It would also follow, where such an application is brought on the basis of urgency, the proper grounds for urgency should be clearly set out in the papers as contemplated in Rule 6 (12) (b) of the Uniform Rules of Court.

When the High Court hears a surrogacy application and performs its judicial discretion, it may request any additional information from the parties (or any other institution), to assist it in the determination of the application.

The affidavit accompanying the application should contain the following:

  1. All factors as set out in the Act, together with documentary proof where applicable.
  2. Whether there have been any previous applications for surrogacy; the division in which the application was brought, whether such an application was granted and/or refused.

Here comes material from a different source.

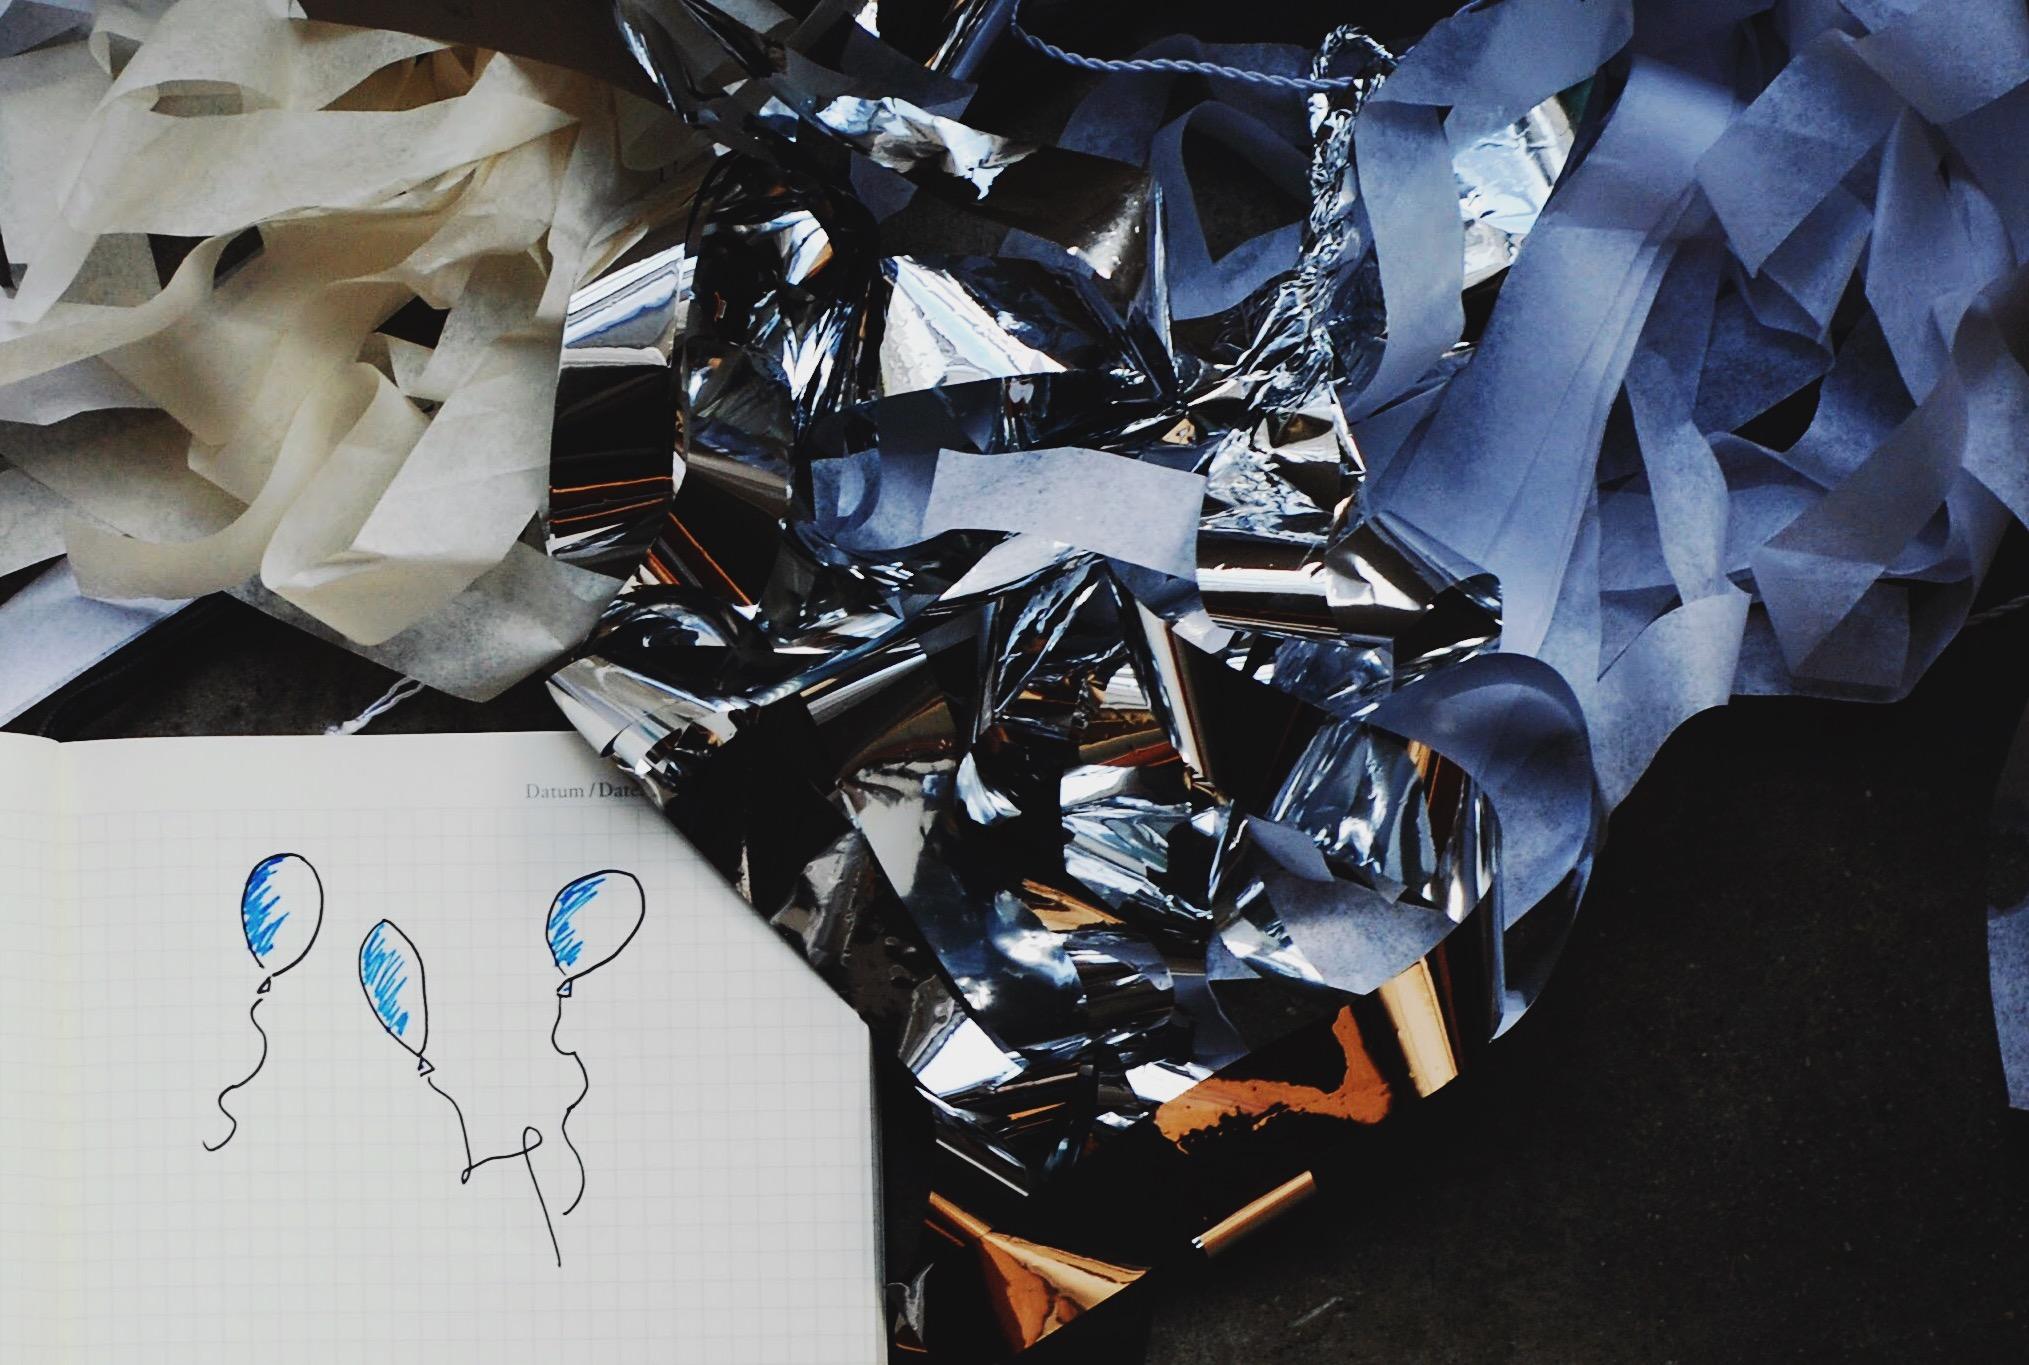 Choosing an anniversary

If it was refused, the reasons for the refusal should be set out.
  3. A report by a clinical psychologist in respect of the commissioning parents and a separate report in respect of the surrogate and her partner.
  4. A medical report regarding the surrogate mother.
  5. Details and proof of payment of any compensation for services rendered, either to the surrogate herself or to the intermediary, the donor, the clinic or any third party involved in the process.
  6. All agreements between the surrogate and any intermediary, or any other person who is involved in the process.
  7. Full particulars, if any agency was involved, any payment to such agency as well as an affidavit by that agency.
  8. Whether any of the commissioning parents have been charged with, or convicted of a violent crime or crime of a sexual nature.

In respect of the enrolment or registration of the matter with the Court, the guidelines noted below should be followed, in order to protect the identities of the parties:

  1. Any party who seeks to bring an application will follow normal procedures for the matter to be issued by the Registrar.
  2. The court file must thereafter be brought to the office of the Deputy Judge President, together with a letter explaining the facts and that the application is brought in terms of section 295 of Act 38 of 2005 and requesting a date for hearing. In the event that any urgency exists in the hearing of the matter, that must be set out in the letter as well.
  3. The Deputy Judge President will then give further directions as to how this matter shall be heard in due course, including the allocation of the judge for the hearing the matter.
  4. Any consideration in respect of holding the hearing “in camera” (no member of the public can be present), must be addressed to the judge who is allocated to hear the matter, once the parties are notified of the relevant date of the hearing.

* ex parte is a Latin term meaning “from one party”, indicating that one of the parties in respect of the proceedings is absent.

11 Sep

Legal and Constitutional Issues arising from Surrogacy Applications

The contents of this article refer to the case Parte WH and Others (2011) (6) SA 514 (GNP)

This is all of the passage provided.